EPFA 510: Ecological Education in K-8 School (4)
Designed for the purpose of professional development for practicing K-12 principals and educators, this course researches principles of ecological education in K-8 schools through readings, class discussions, field study/observations, and curriculum development. In collaborative teams, participants revise, and revisit existing curriculum modules as well as develop curriculum to be used in K-12 classrooms. 

EPFA 510: Urban Education Farm: Food Policy, Curriculum Design, and Action! (1-4)
This course offers a facilitated learning experience in the theory and practice of developing and implementing theoretically-based, behaviorally driven curriculum for garden-based learning experiences that are tied to the Oregon state benchmarks. This course also develops standardized menu of garden-based learning curriculum that has been pilot tested for teachers and garden coordinators to choose from the Learning Gardens Project and the needs of individual students.
 

EPFA 516/616: Collaborative Ethnographic Research Methods (4)
Are there research methods that help us to gain knowledge, skills and worldviews that in turn help create a world that is livable, ecologically sustainable, socially just and bio-culturally diverse? Can research promote knowledge democracy, and give ownership to those whose knowledge it is and should own it. Methodologies covered are: different genres of qualitative methods, community-based planning and research, participatory action-research, Gaian participatory science, classical ethnography, auto-ethnography, ethnographic performance, life histories, feminist methodologies, and “dialogue circles.”
 

EPFA 517/617: Ecological and Cultural Foundations of Learning (4)
This course explores how we teach and learn ecologically and what constitutes ecological and cultural ways of knowing in environmental education, nature education, outdoors education, food and garden based education, place-based education and other such genres. This course is beyond simply justifying or advocating that our education should be grounded in ecological principles but explores the intersection of what Dr. Parajuli calls the “earthshed,” “humanshed,” and “learningshed.” Building on works of David Abram, Jeannette Armstrong, Zenobia Barlow, Wendell Berry, Fritjof Capra, David Orr, Dilafruz Williams, Madhu Prakash, Greg Smith, David Sobel and others, this course engages in multi-sensory and interdisciplinary pedagogical inquiry. 

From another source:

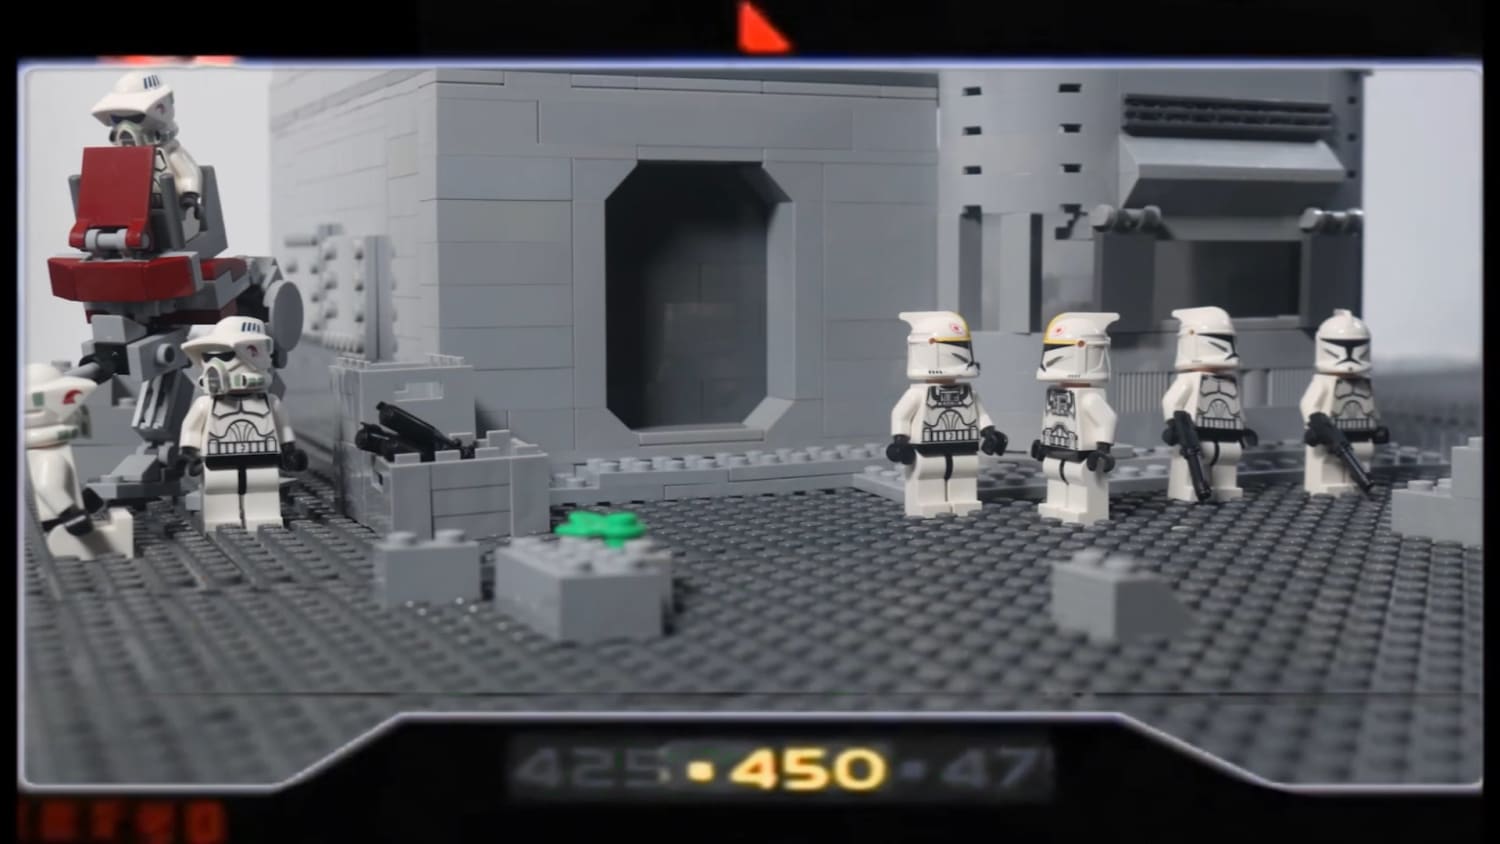 I recreated the first mission in Battlefront 2 2005, but in lego stopmotion.

EPFA 519: Sustainability Education (4)
In order to build a robust theory and practice of sustainability education, this course covers local, national and global innovations in light of the UN decade for Education for Sustainability (2005-15). While critically assessing earlier traditions such as nature education, environmental education, outdoor education, place-based education, and ecological literacy; students are involved in developing curriculum and teacher preparation modules for K-12, higher education and or community organizations. 

EPFA 548: Advanced Global Political Ecology (4)
In order to grasp the emerging discipline of political ecology, we discuss the following: the impact of a globalized economy on human and non-human communities; the relationship between poverty, global inequity and environmental degradation, the distribution of resource use and conflicts between the global North and global South, the ecological processes, earth democracy and the relationship of these issues in our personal lives. Students apply these concepts in real life through a multi-media study and presentation of a chosen commodity in terms of its production, distribution and consumption.
 

EPFA 550: Leadership for Sustainability (4)
This multi-media seminar course reviews, analyzes and critiques the history, politics and rhetoric of sustainability. Four key themes are covered within the rubric of leadership for sustainability: whole systems design in sustainability, the issue of “fairness in a fragile earth” surrounding the Johannesburg summit of 2002, the growing conservation economy in the Pacific Northwest, and the issue of indigenous cultures and sustainability. Students apply these concepts in real life by developing a wildest dream project in sustainability and outlining social, natural and economic capital needed to implement it.